Ракитин, подхватив на плечо дорожную сумку, скрылся в здании вокзала, а Лобов с Валентином, преодолевая московские заторы и пробки, отправились на базу.
– А чего он такой?.. Подмороженный как будто. А, Роман Михайлович? Или он всегда такой? – поинтересовался Валентин, когда они с Лобовым остались одни.
Лобов ответил не сразу, как бы взяв небольшую паузу на размышления, прежде чем ответить на этот простой с виду вопрос.
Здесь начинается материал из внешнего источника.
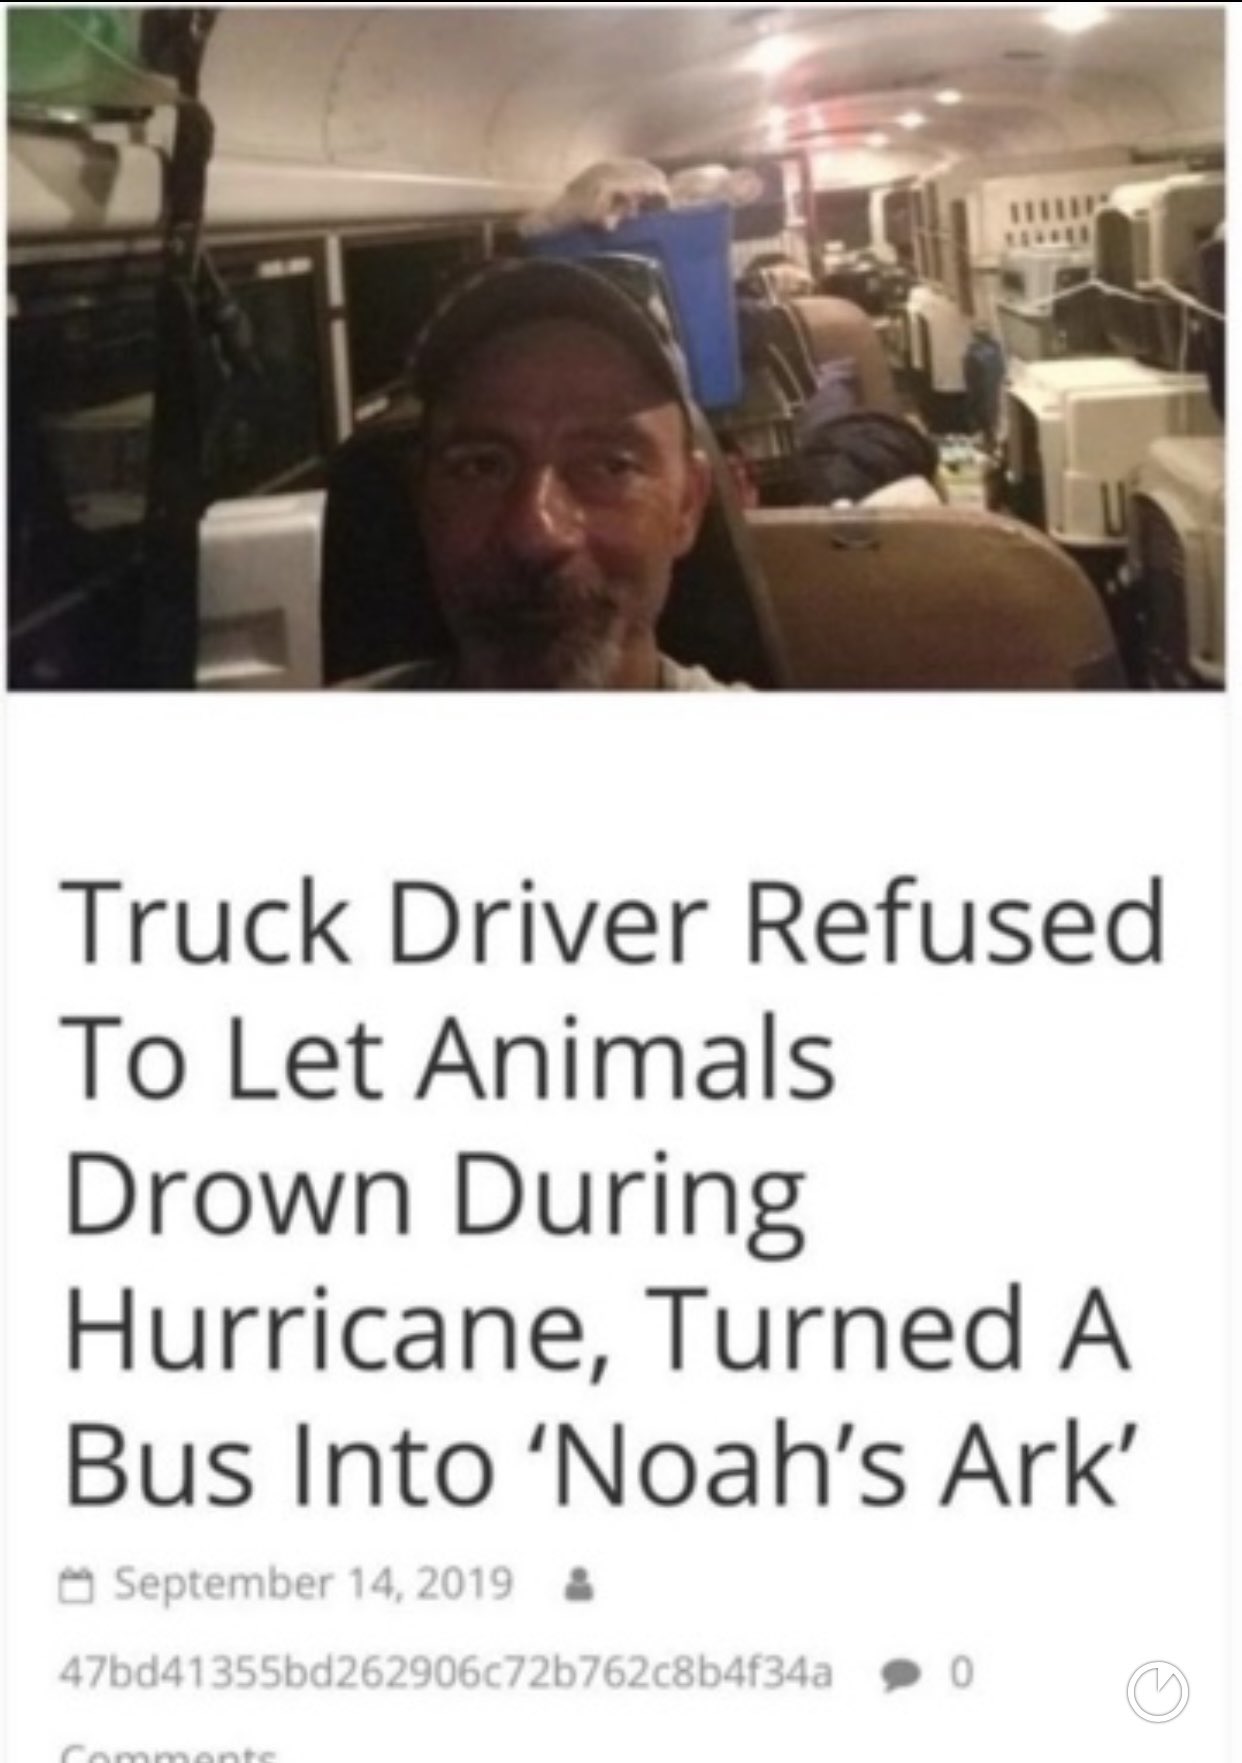 dudes posting their w's - photo caption - Truck Driver Refused To Let Animals Drown During Hurricane, Turned A Bus Into 'Noah's Ark' 47bd41355bd262906c72b762c8b4f34a 0

– Каждое новое дело начинается в темноте неопытности и недостатка знаний, на ощупь. А даже в нашем новом деле Саша Ракитин – первопроходец. Вот говорят, что в авиации наставления и правила безопасности при выполнении полетов написаны кровью погибших летчиков. Наши правила пишутся тоже кровью. И вот тебе первое и главное правило слипера, путешествующего во времени: никогда и ни при каких обстоятельствах не вступать в близкие отношения, подразумевающие определенную эмоциональную привязанность, с людьми прошлого. Для нас они не люди, а всего лишь объекты нашего прямого или косвенного воздействия. Нет… Они, конечно, люди, но… Нельзя ни на секунду забывать, что они уже умерли сотни лет назад. Их судьбы уже давно состоялись. И потому для нас они не равноценны нашим современникам. Короче говоря, к ним неприменимы общечеловеческие, гуманистические принципы и нормы. Понимаешь? Это как персонажи в кинофильме, который ты смотришь. Можно испытать определенный эмоциональный всплеск, глядя сегодня на историю любви несчастных Ромео и Джульетты, можно даже пережить катарсис при просмотре того или иного художественного произведения. Нельзя только допустить, чтобы кино вмешивалось в твою жизнь! Понимаешь, Валентин?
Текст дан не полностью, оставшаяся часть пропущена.